“It is the age of child-worship; and very lovely are the well-brought-up children of Christian and cultured parents. But alas, how many of us degrade the thing we love! Think of the multitude of innocents to be launched on the world, already mutilated, spiritually and morally, at the hands of doting parents.” Charlotte Mason
Charlotte Mason spoke about the importance of establishing many various habits. A few mentioned include: attention, remembering, thinking, imagining, truthfulness. The most foundational and important habit that should be formed within the child is the HABIT OF OBEDIENCE.
If this habit is not in place, then the mother will most certainly have troubles instilling the other habits in her child. I will quote extensively from CM because she states it so well, and I feel I cannot improve on her explanation:
"The mother's great stronghold is in the habit of obedience.

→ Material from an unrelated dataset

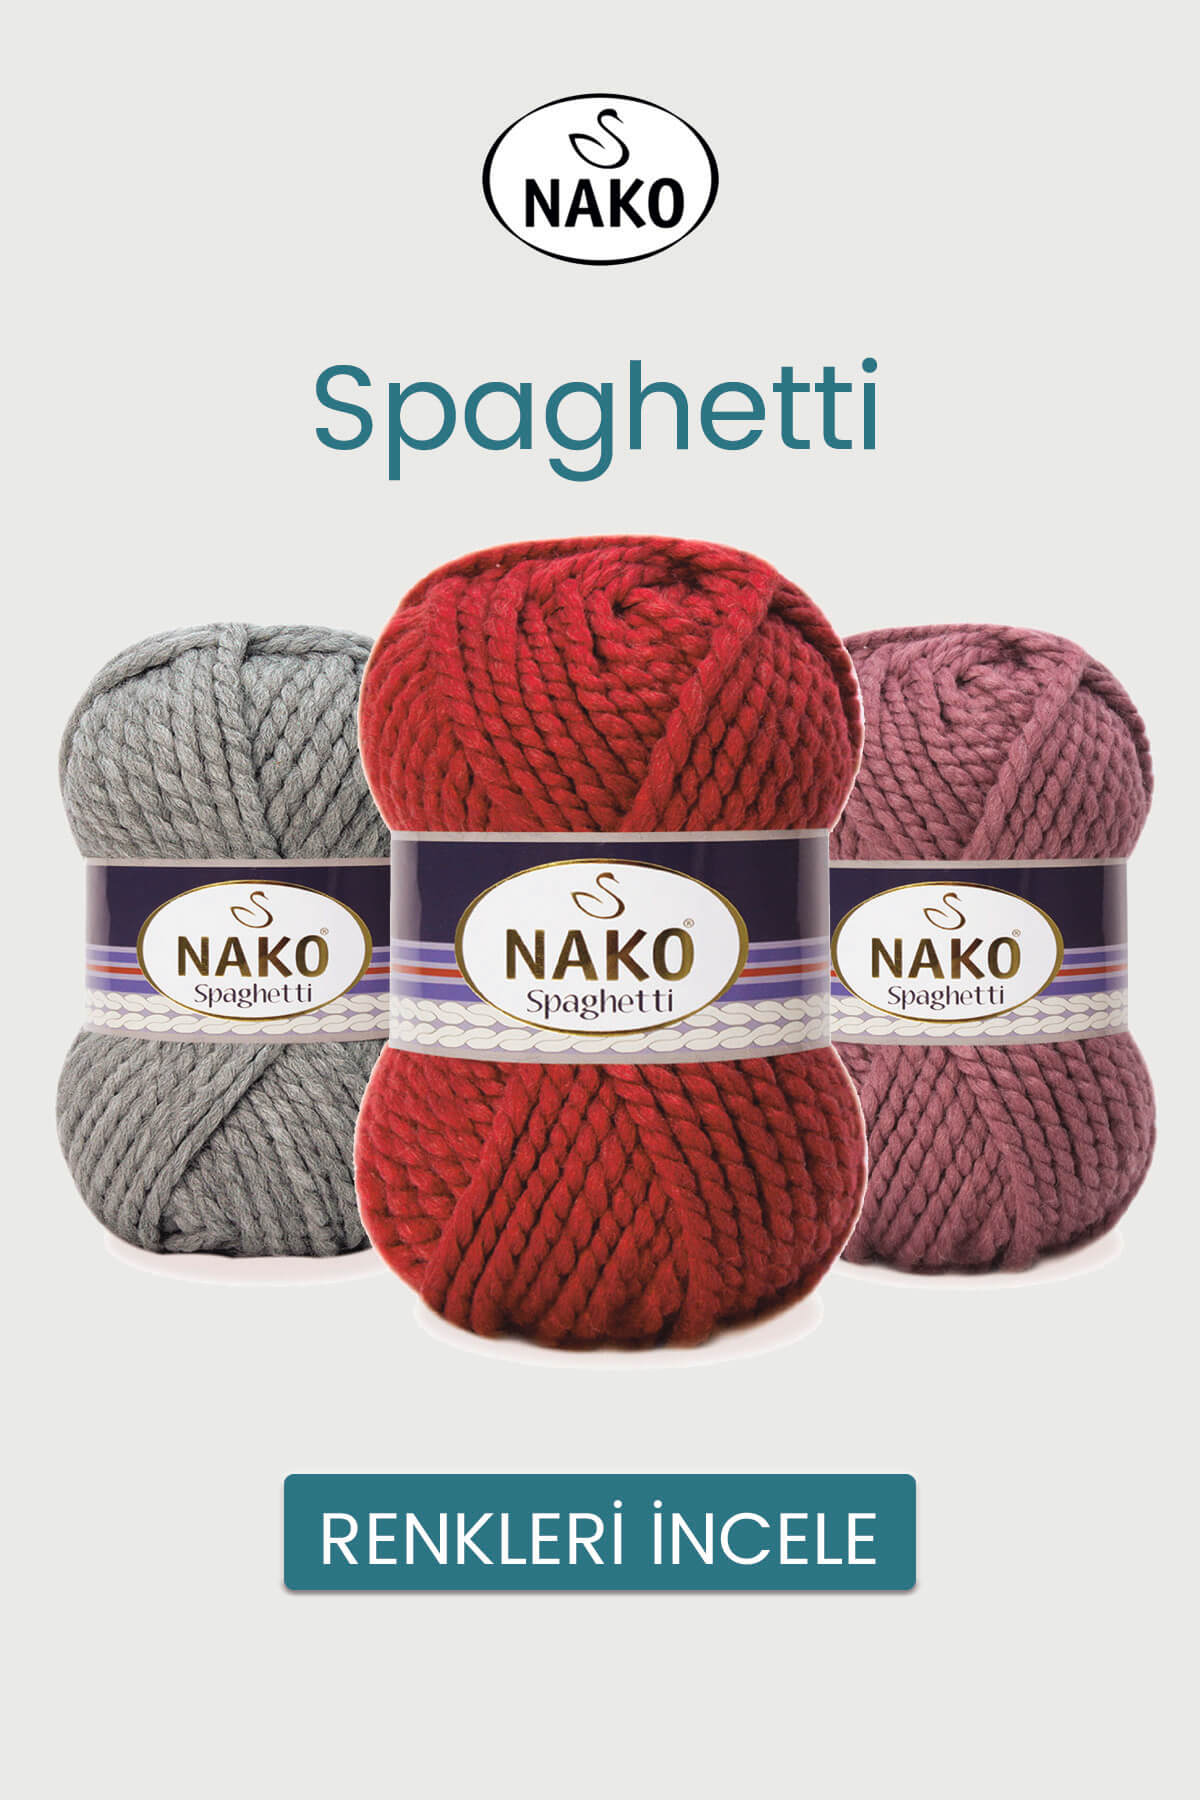 nako-spaghetti-tekstilland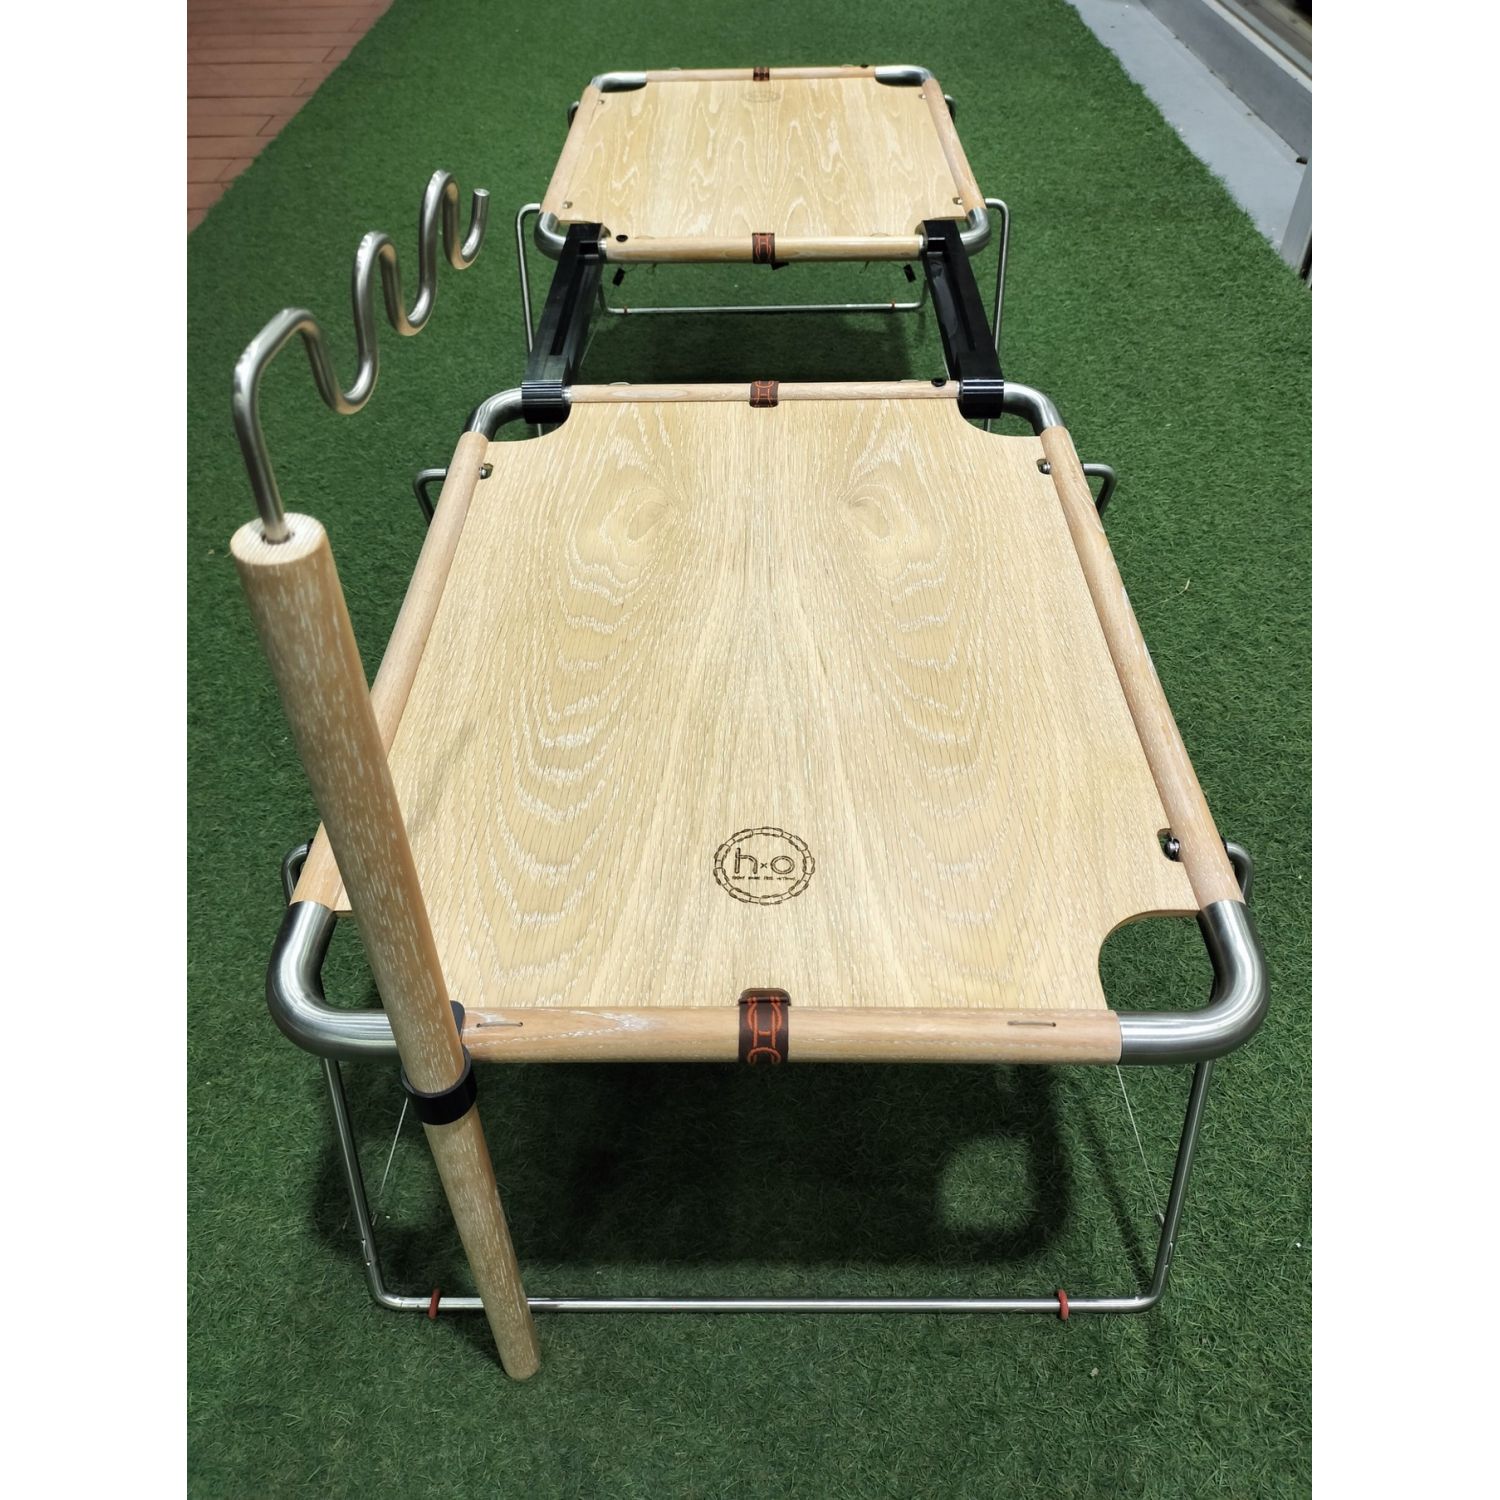 hxo design テーブル&ギアポール&トレー ホワイト Ver.3 新品

If she begin by requiring that her children always obey her, why, they will always do so as a matter of course; but let them once get the thin end of the wedge in, let them discover that they can do otherwise than obey, and a woeful struggle begins, which commonly ends in the children doing that which is right in their own eyes.
This is the sort of thing which is fatal: The children are in the drawing room, and a caller is announced. 'You must go upstairs now.' 'Oh, mother dear, do let us stay in the window-corner; we will be as quiet as mice!' The mother is rather proud of her children's pretty manners, and they stay. They are not quiet, of course; but that is the least of the evils; they have succeeded in doing as they chose and not as they were bid, and they will not put their necks under the yoke again without a struggle. It is in little matters that the mother is worsted. 'Bedtime, Willie!' 'Oh, mamma, just let me finish this'; and the mother yields, forgetting that the case in point is of no consequence; the thing that matters is that the child should be daily confirming a habit of obedience by the unbroken repetition of acts of obedience. It is astonishing how clever the child is in finding ways of evading the spirit while he observes the letter. 'Mary, come in.' 'Yes, mother'; but her mother calls four times before Mary comes. 'Put away your bricks'; and the bricks are put away with slow reluctant fingers. 'You must always wash your hands when you hear the first bell.' The child obeys for that once, and no more.
To avoid these displays of willfulness (wilLESSnes), the mother will insist from the first on an obedience which is prompt, cheerful, and lasting--save for lapses of memory on the child's part. Tardy, unwilling, occasional obedience is hardly worth the having; and it is greatly easier to give the child the habit of perfect obedience by never allowing him in anything else, than it is to obtain this mere formal obedience by a constant exercise of authority.
By-and-by, when he is old enough, take the child into confidence; let him know what a noble thing it is to be able to make himself do, in a minute, and brightly, the very thing he would rather not do. To secure this habit of obedience, the mother must exercise great self-restraint; she must never give a command which she does not intend to see carried out to the full. And she must not lay upon her children burdens, grievous to be borne, of command heaped upon command."